The best shortage prevention technique known to Man (and provably the only one that always works) is raising prices. Rand brought this up. Now WSJ has joined the act with their piece “In praise of ‘Gouging'”.
Speaking of TechCentralStation, I have a Katrina-related column there (though it’s of general applicability), in which I applaud price gougers.
Hey, someone’s got to do it.
In yet another display of economic ignorance on the part of politicians, Hawai’i has put a cap on wholesale gas prices. I fearlessly predict shortages on the islands, wiki wiki.
NYT columnist John Tierney has announced he will take on all people willing to bet that commodity prices will rise. He just placed a $2500 bet. He follows Julian Simon’s logic (again) that prices have gotten cheaper on everything except human labor since prices started being recorded.

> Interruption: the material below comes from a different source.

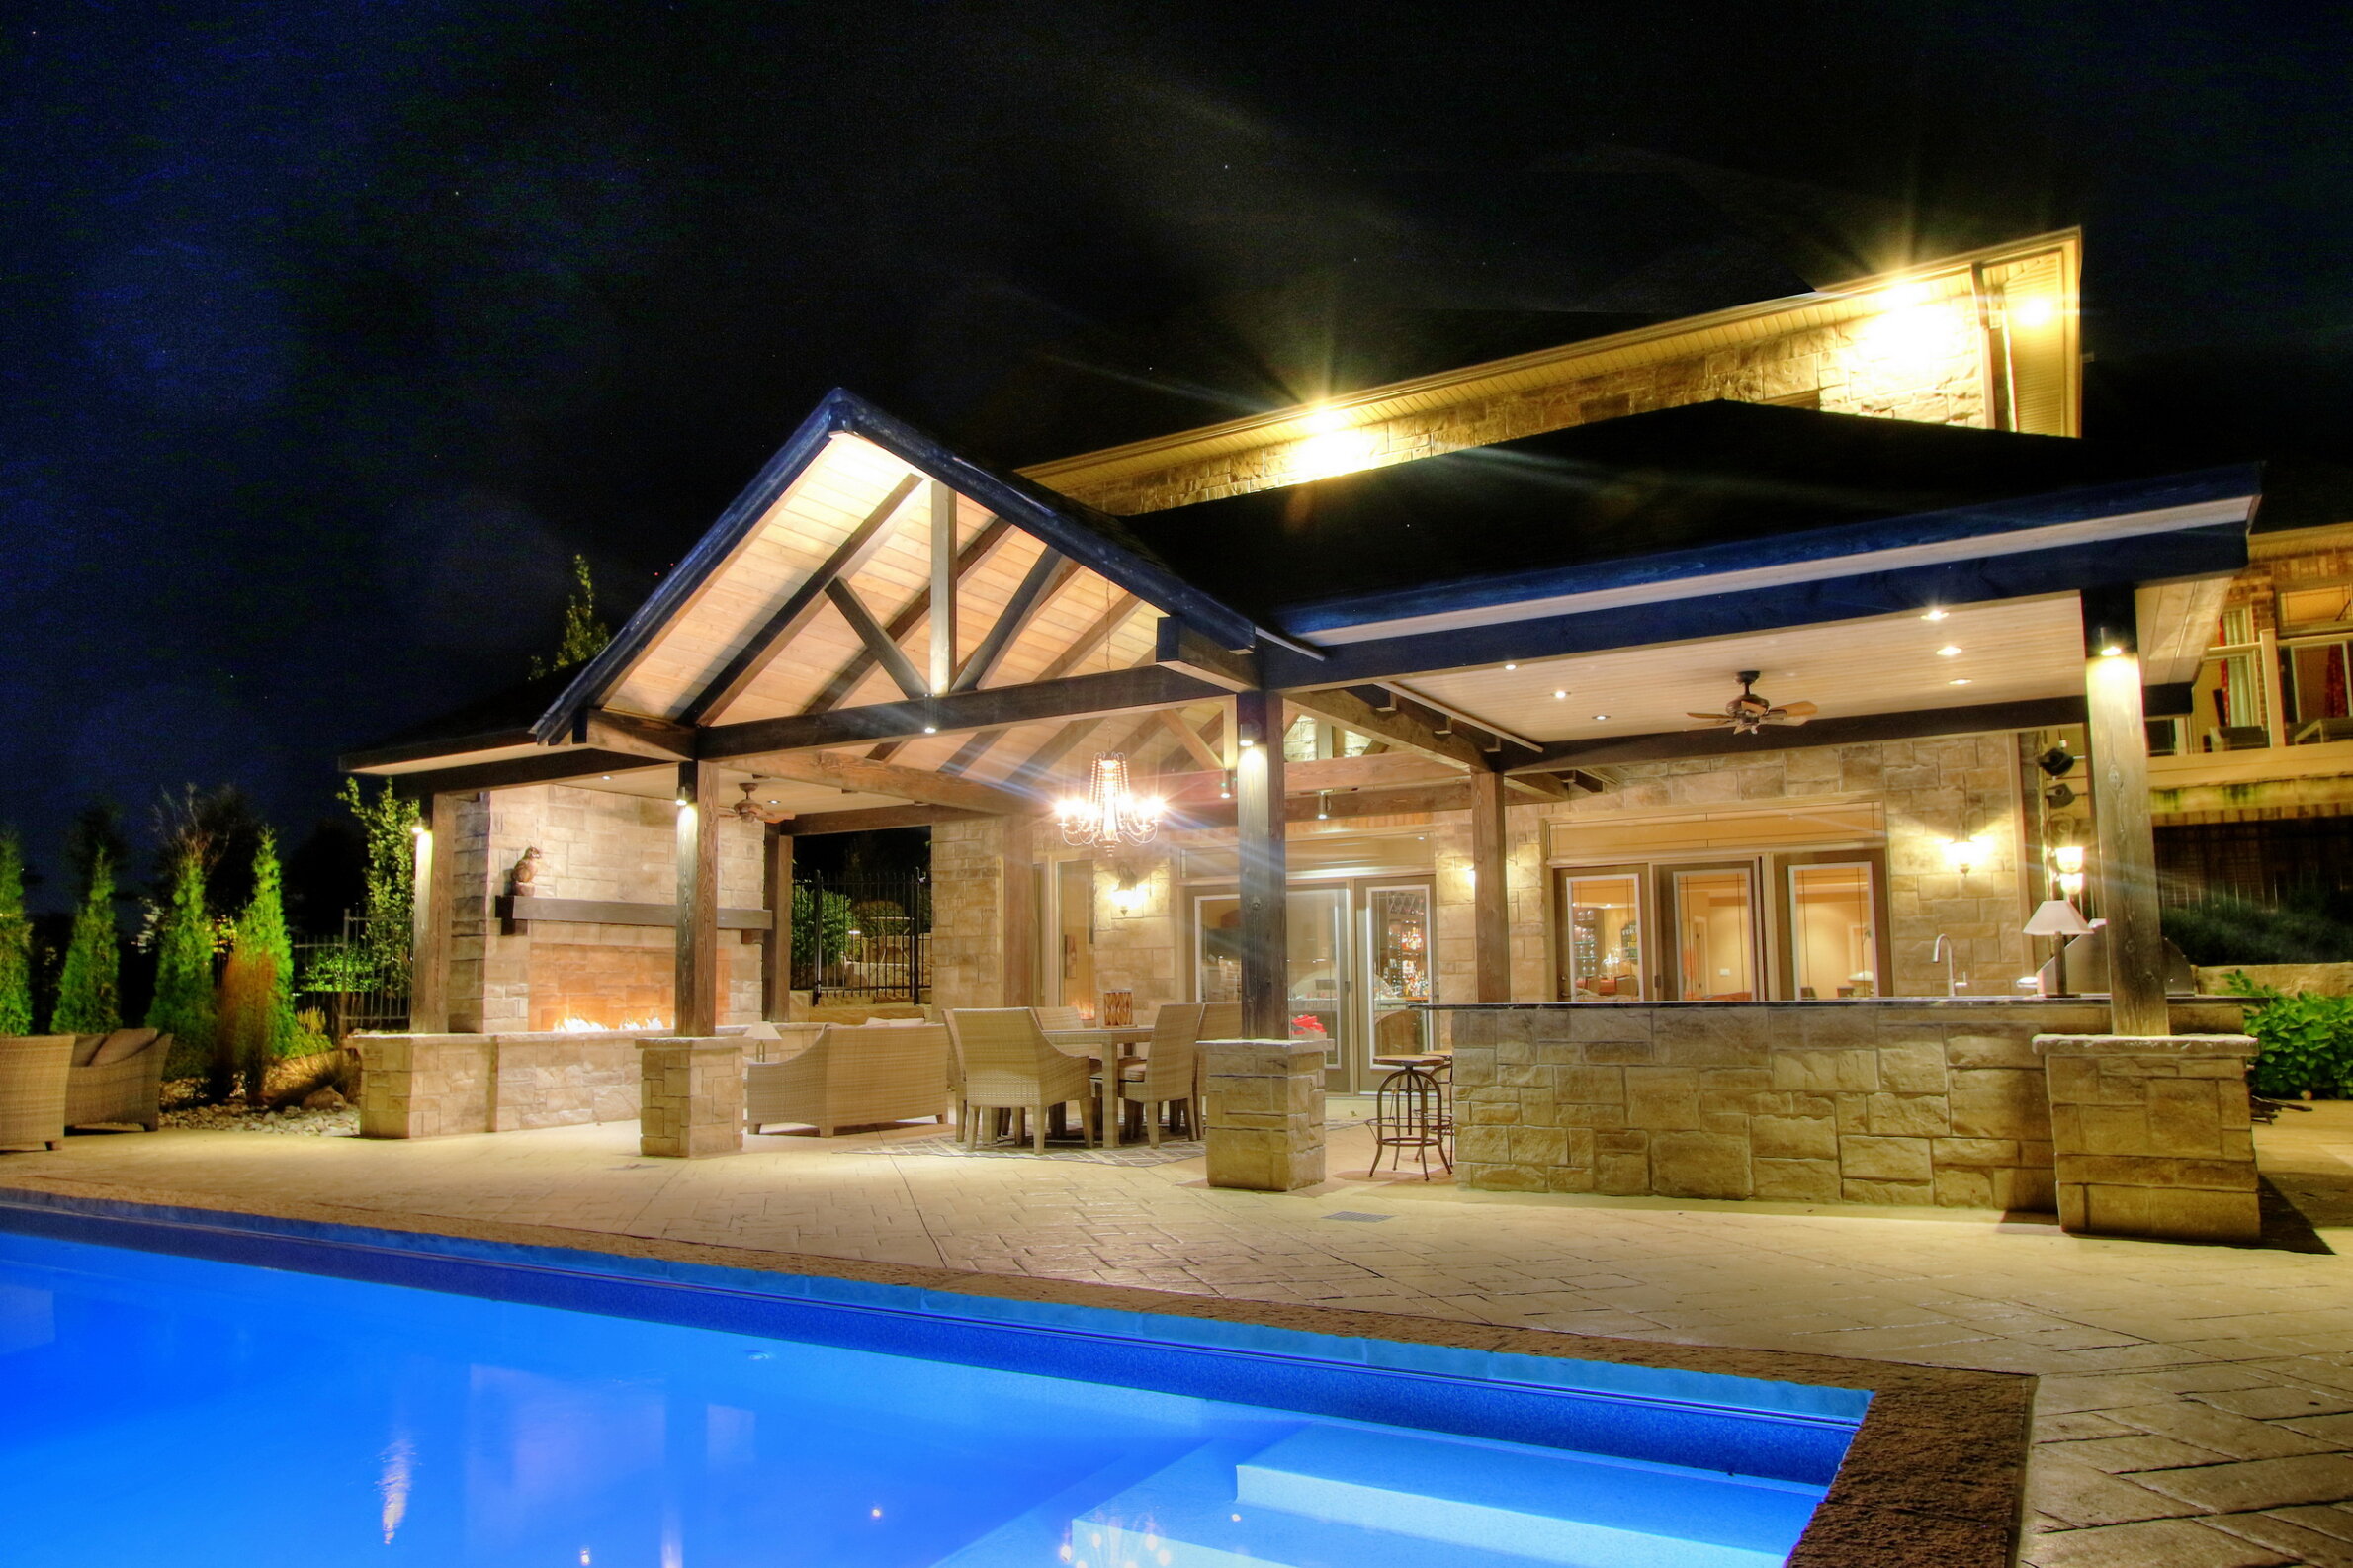 Luxurious poolside pavilion at night with ambient lighting, outdoor fireplace, seating area, chandelier, and a house visible in the background.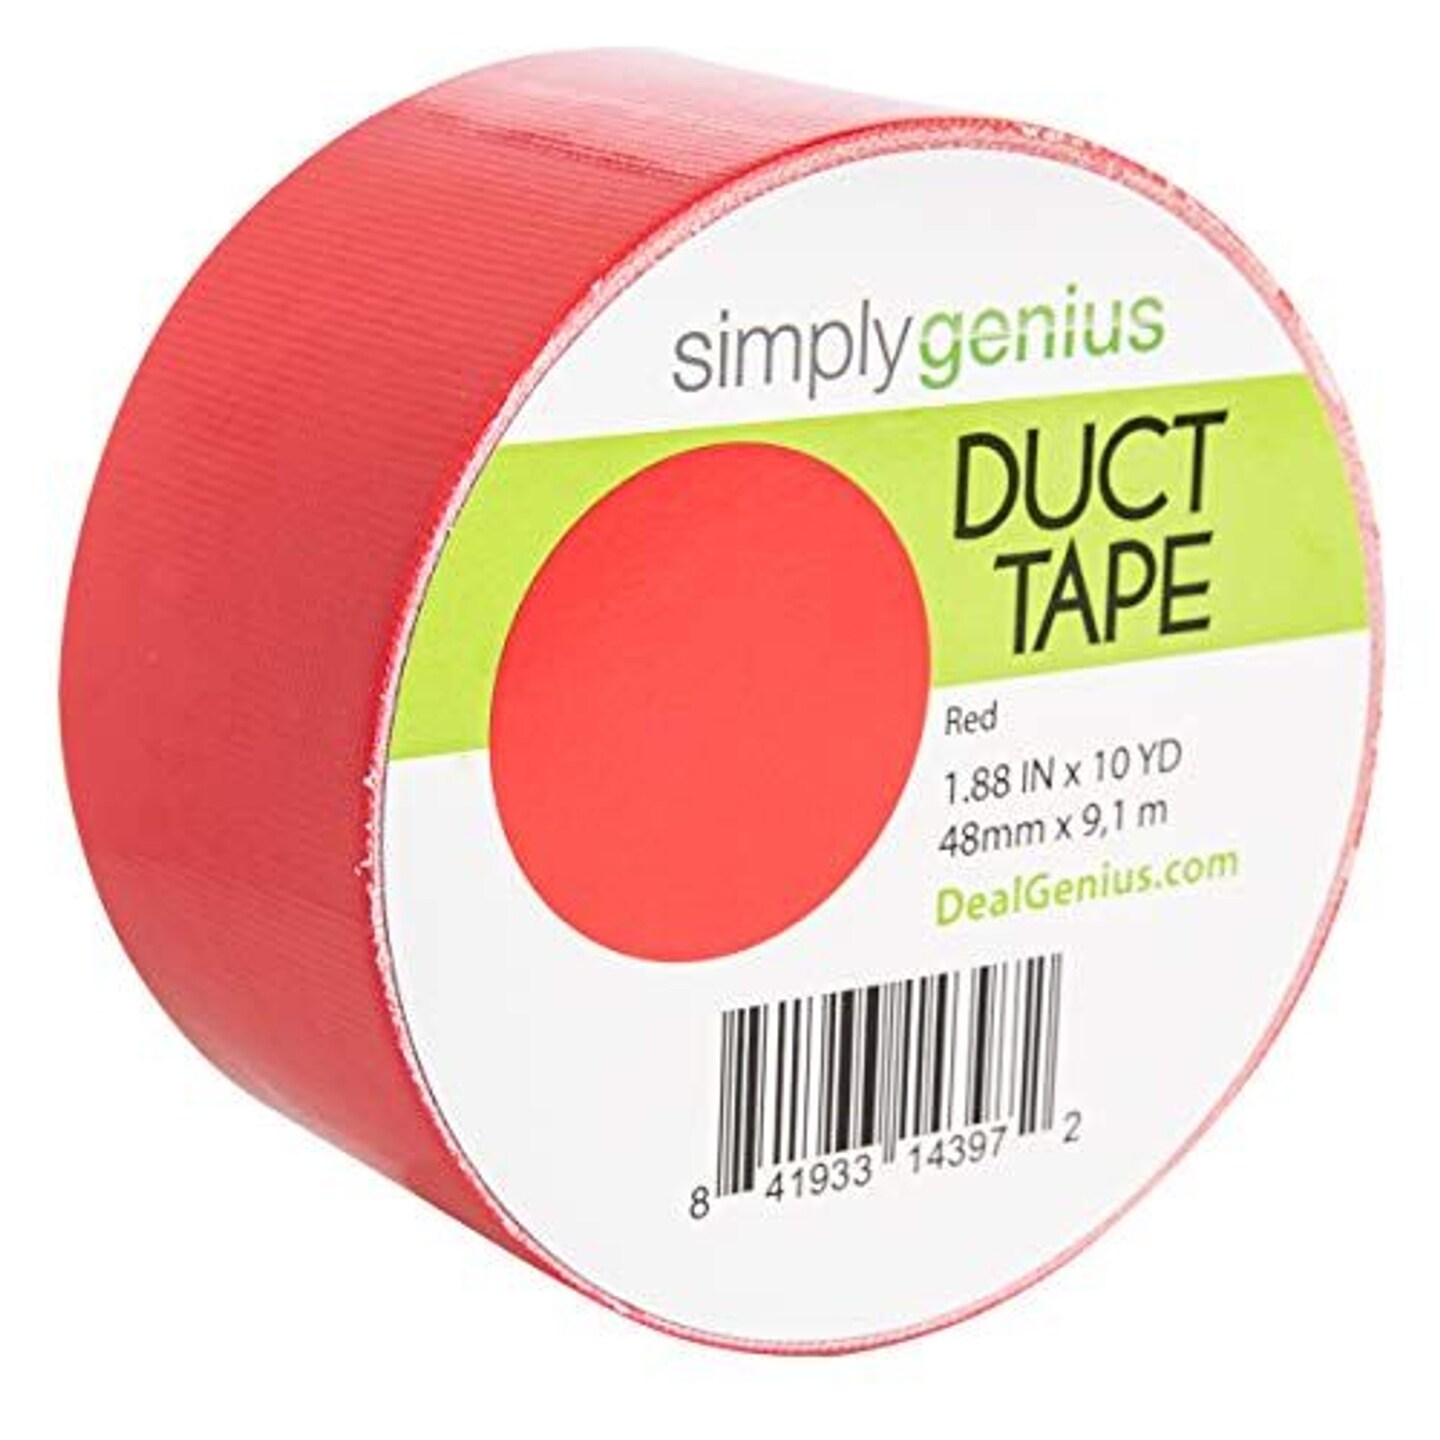 Simply Genius Art &#x26; Craft Duct Tape Heavy Duty - Craft Supplies for Adults - Colored Duct Tape - 1.8 in x 10 yards - Colorful Tape for DIY, Craft &#x26; Home Improvement (Red, Single roll)

“Non Mutual” was the accusation when The Prisoner was pilloried for not having enough community spirit. Mutual funds are being accused of being non-mutual by Ross Miller in his paper that decomposes an actively managed mutual fund into an active market neutral part and a passive part that looks just like an index. What he finds is that expense ratios on the active part look like about 7% if you consider most funds only have about 10% of their portfolio actively managed and that means the 1% vs. the .3% annual fees for managed vs. index fund has to be attributed just to the managed portion. This is great for hedge funds that if their fund is going up 10% a year only charge 2% fees + 20% of the 10% profits or 4% altogether. That’s quite a bit less than the comparable active mutual fund.
This is make quite a stir in financial circles.
China is in the news these days for buying up Unocal, Maytag and IBM PC. If you check out the latest CIA world factbook you can see that China’s purchasing power is more than half of US with the second largest economy. If you project out the growth rates (9.1% and 4.4%) you can see China catching up to the US in 2015 when we both have $19 trillion economies (maybe $23 trillion adding in inflation).
Year China($B) US($B)
2004 7262 11750
2005 7923 12267
2006 8644 12807
2007 9430 13370
2008 10289 13959
2009 11225 14573
2010 12246 15214
2011 13361 15883
2012 14577 16582
2013 15903 17312
2014 17350 18074
2015 18929 18869
China will continue to grow its economy faster than US because its per capita income is still quite low ($5600 vs $40000 in 2004 est) and will still be less than 1/3 of US per capita income in 2015.
My favorite implication is for space policy. A China committed to space nostalgia (e.g., Moon landings) might get the US to devote thought to rationalizing commercial space policy. Mike Griffin started in this direction.